Divorce Attorney | Relationship Expert

Low self-esteem can cause a person to have negative thoughts and feelings to put themselves down and make them feel more critical and react explosively want to a situation does not warrant that type of behavior.

When you’re in a relationship with someone that has low self-esteem you must be very careful the way you choose your words.

Anything you say can make someone feel less than and worse about themselves and they already do. You need to figure out a way to properly communicate so that you don’t push this person into a corner and make them shut down.

You also should go to therapy with your significant other and tried to work on your relationship skills as well as them working on their own low self-esteem issues to enhance their lives and your happiness.

People with low self-esteem have to be able to distinguish who is trying to help them in who is trying to hurt them so they can ask what your intentions are in a circumstance so that they may discover someone is trying to help them or is projecting anger or opinions negatively.

When you’re dealing with someone with low self-esteem you can show them after an argument how to change and try to refocus the negative consequences and guilt into a positive experience by explaining what you meant and why they are perceiving it in and in proper fashion.

It’s important to journal things that you believe trigger your partner with low self-esteem and then create safe words that if you feel as though they’re going into a negative space that they can try to snap out of it or think of a happy time or place so that you can try to reposition a re-focus the conversation.

Encourage your partner to do things that they perhaps wouldn’t normally do. And take them out of their comfort zone to see that there really is no fear and feeling good about yourself and doing things that aren’t so comfortable.

Try to show your partner that comparing yourself to other people or past relationship is not healthy.
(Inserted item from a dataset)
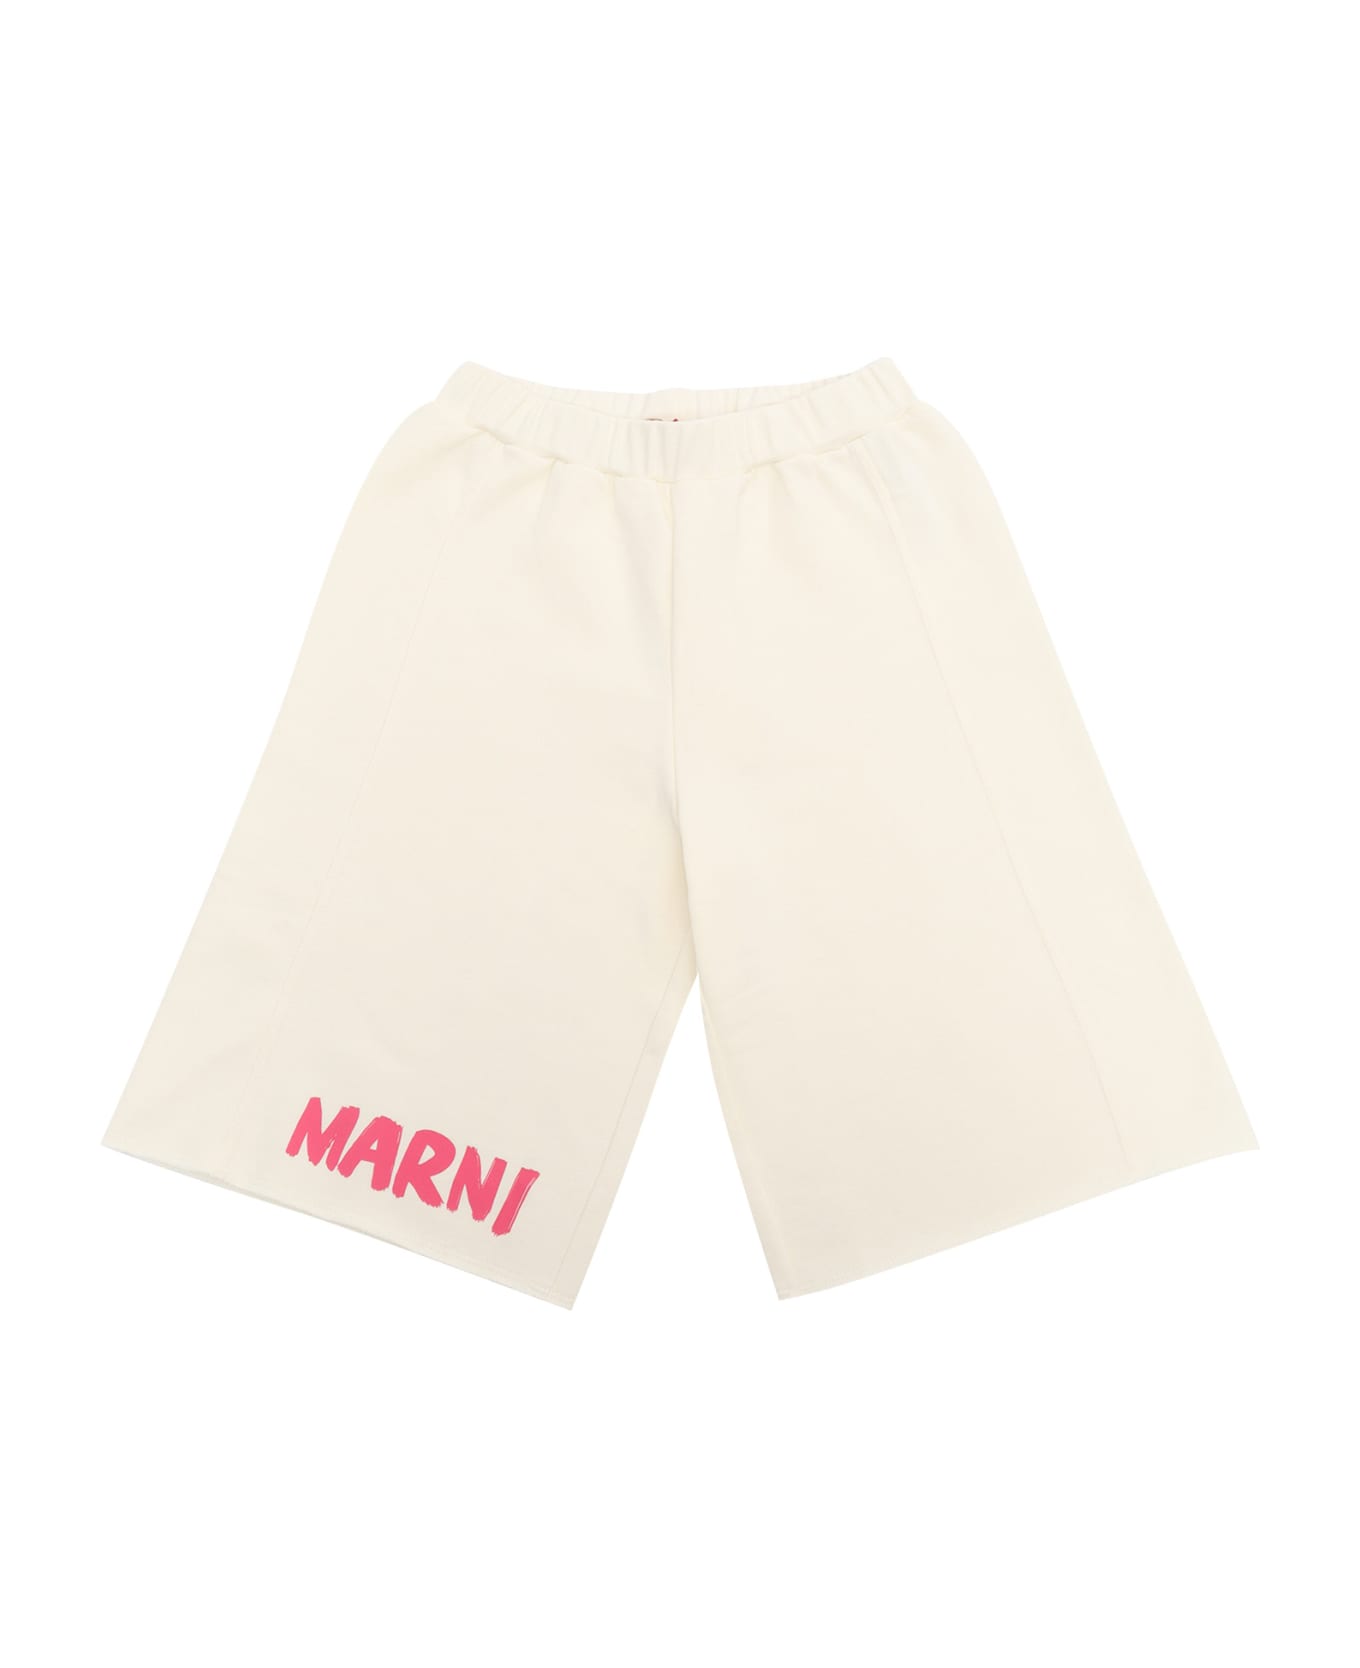 Marni Bermuda Shorts - MULTICOLOR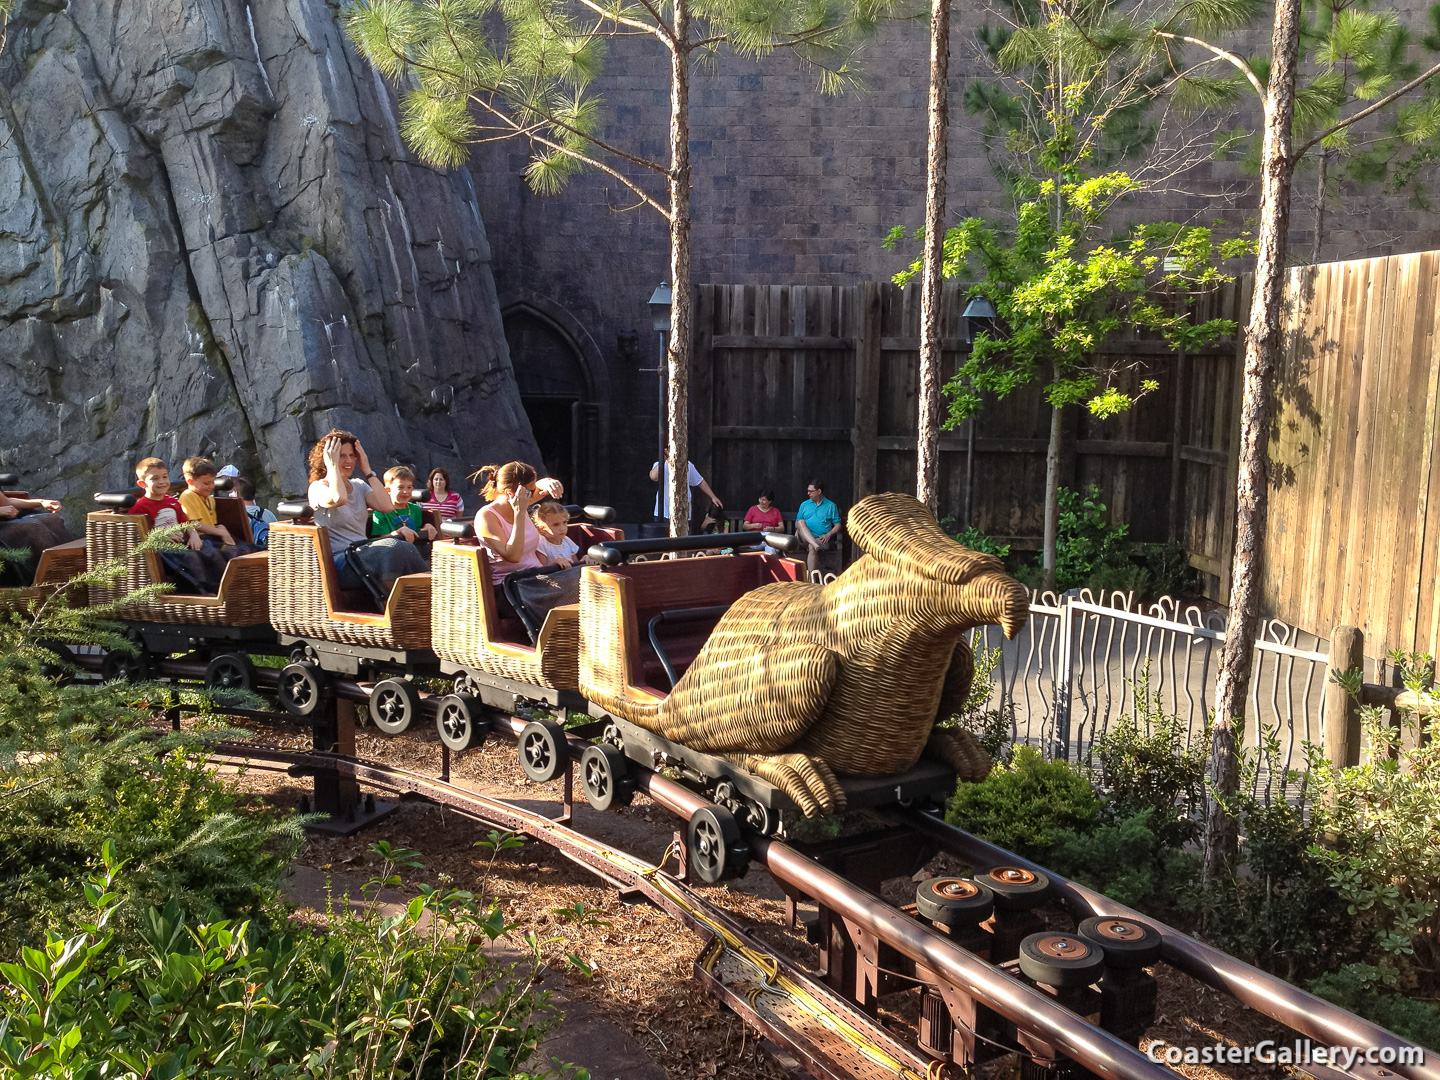 Harry Potter roller coaster - Islands of Adventure - Universal Studios Florida

Being unique in having your own DNA makes the person special and try to remind them why you love them in the first place.

It’s important for you to support your partner with low self-esteem to join support groups online read books and try to work out childhood issues so that you can have a healthy and long-lasting relationship with somebody that loves himself because if you don’t love yourself you can never love somebody else authentically.

Caleb Backe

Health & Wellness Expert, Maple Holistics

One of the more profound reasons for why self-esteem is so important lies in the understanding that if you aren’t able to see the intrinsic worth within yourself, how are you supposed to do the same in others?

Self-esteem affects everything from your motivation, to your drives, to your basic innate ability to feel good about yourself and where you’re heading.

It sounds like an abstract concept but really, it’s simple: if you don’t value yourself, how can you value anything within the ‘bubble’ that is your life – including your partner?

With this in mind, there are various ways to deal with low self-esteem in a relationship:

Affirmations – Talk to yourself positively to improve your self-esteem. Say nice things out loud to yourself, and even to your partner. This will help you to notice your intrinsic self-worth as well as your S.O’s.

Self-Care – A large aspect of your inability to see your self-worth lies from the fact that you don’t give yourself the time or space to do so.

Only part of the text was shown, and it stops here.